Why “Buying Low” Might Not Always Work

As one saying goes, investors have to “buy low and sell high” when it comes to investing. The act of “buying low” would seem to suggest that you shouldn’t add to shares of a company at a higher price from what you previously paid for. Although the approach sounds reasonable, there is actually more than meets the eye when it comes to its practical application.

Focus on value points, not share price

Allow me to explain further. Let’s take the example of health-care services provider, Raffles Medical Group Ltd. (SGX: R01). You can read up more about the company here.

The table below (click for a larger view) captures a couple of things over the past four years: 1) The company’s share price on the day its year-end financial report is released; and 2) the valuation of the company’s shares on those dates as measured by the price/earnings (PE) ratio and the dividend yield. The objective of the table is to give us some perspective on how the valuation and share price has changed over the past four years.

Raffles Medical's table of financials

Source: Company Earnings Report

From the table above, the Foolish investor would have noticed that the share price of $3.31 for Raffles Medical on 24 February 2014 was 53.2% higher than its share price on 21 February 2011. Furthermore, the astute Foolish investor would have noticed that although the share price was much higher, the value of the shares, as measured by the PE ratio, was actually better.

What this means is that an investor could have bought shares on 24 February 2014 and be paying a higher share price; but at the same time that investor would be getting a better value point (in other words, more bang for his buck) when compared to the value point of the shares four years earlier.

A Fool’s take

The exercise above is to show investors that there might be times when we pay a higher share price but yet get better value.
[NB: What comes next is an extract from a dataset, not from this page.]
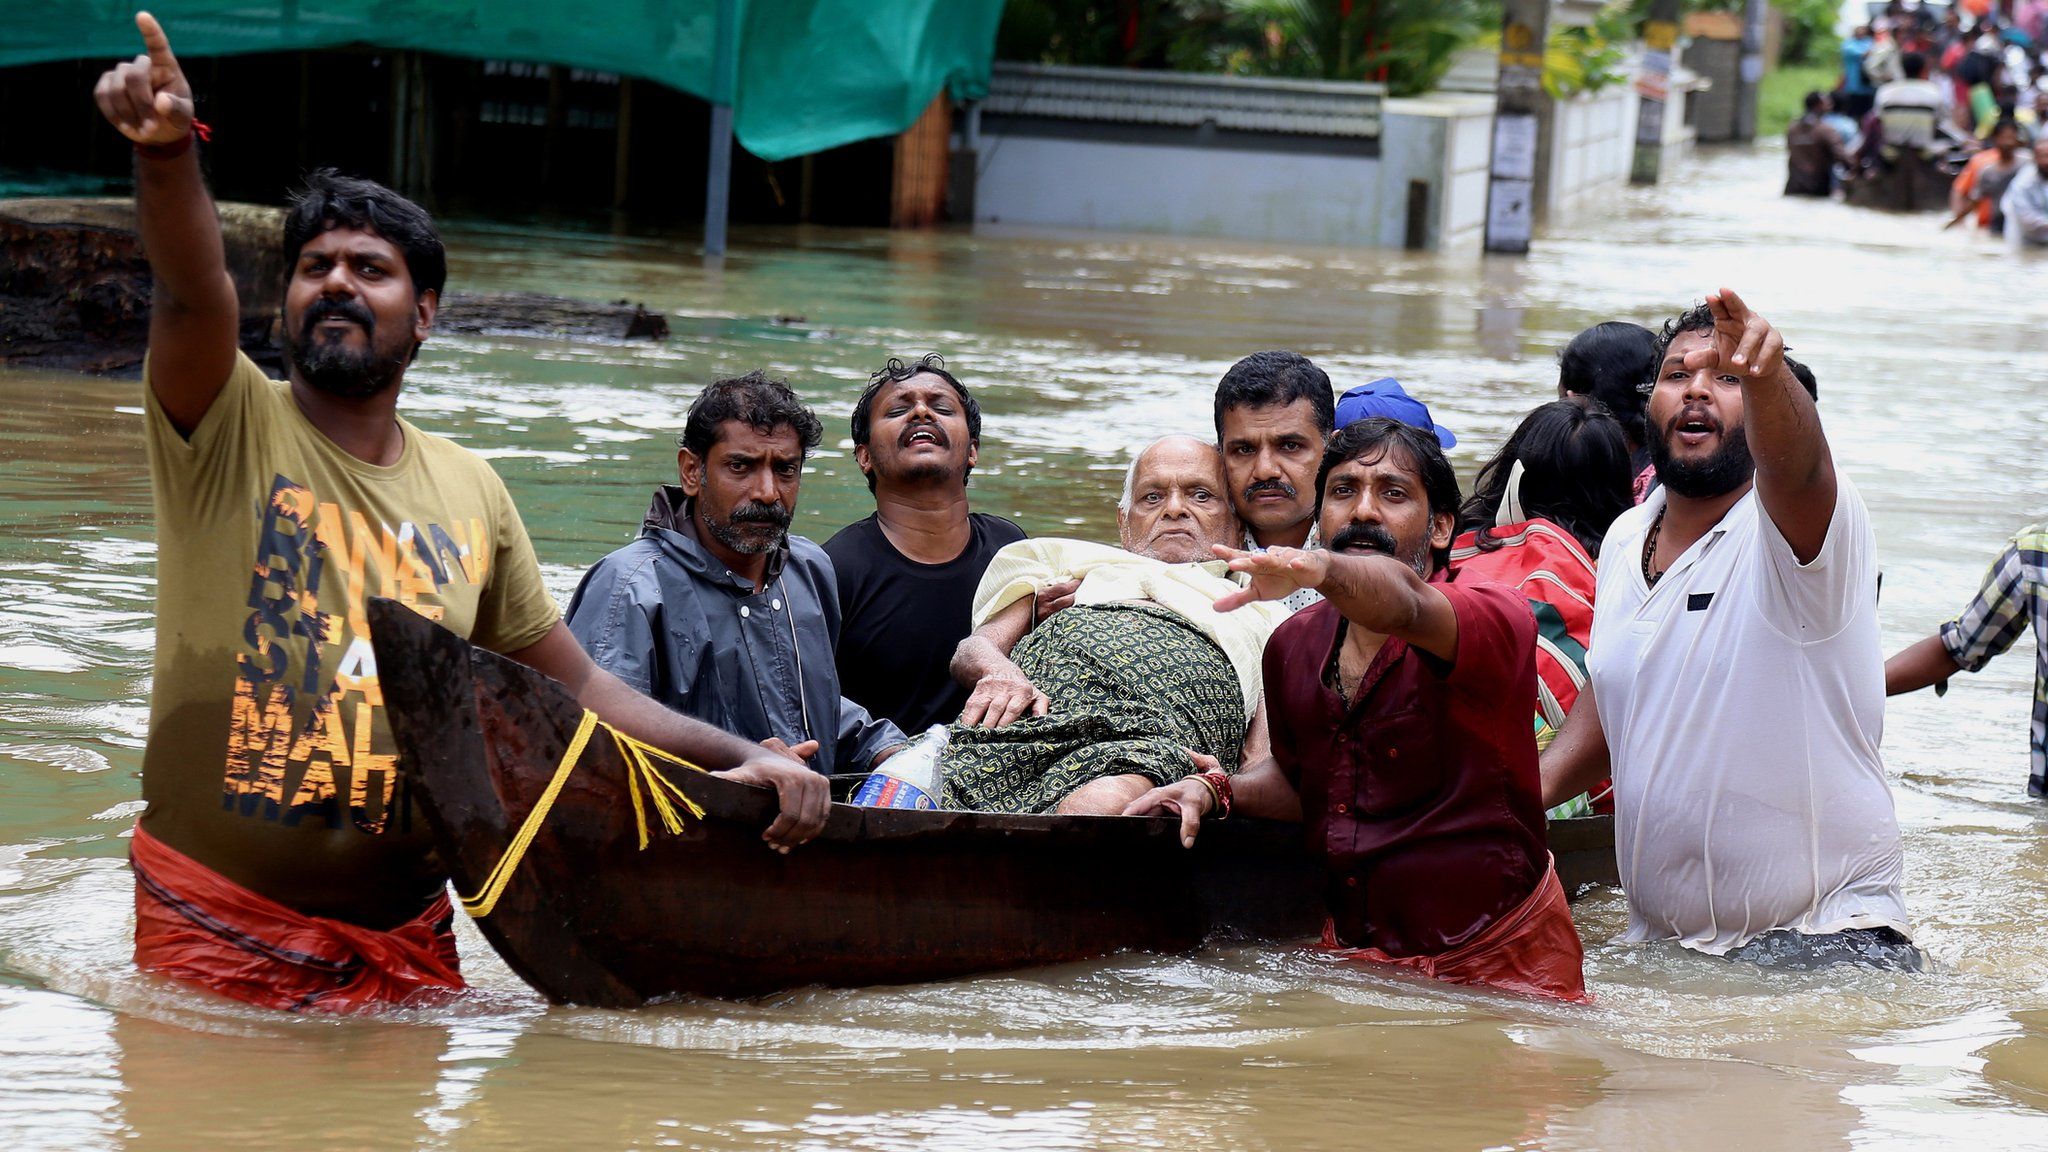 Indian people use a boat to rescue an elderly man in the flooded water in Kochi, Kerala state, India, 17 August 2018

This point is important, especially if you have ever found yourself not adding to your own winning companies which have performed well over time. That’s because adding to your winners may turn out to be a better approach than attempting to “buy low” on another mediocre or lousy company.

Said another way, when it comes to investing, it’s sometimes not as easy as just “buying low”.

There are caveats to paying a higher share price of course. It might seem to make sense in Raffles Medical’s case because investors are getting better value on 24 February 2014 as compared to 21 February 2011. But at the same time, the assumption is that the company’s business would perform at the same level or even better as it has in the past. It is the onus of the company to do just that.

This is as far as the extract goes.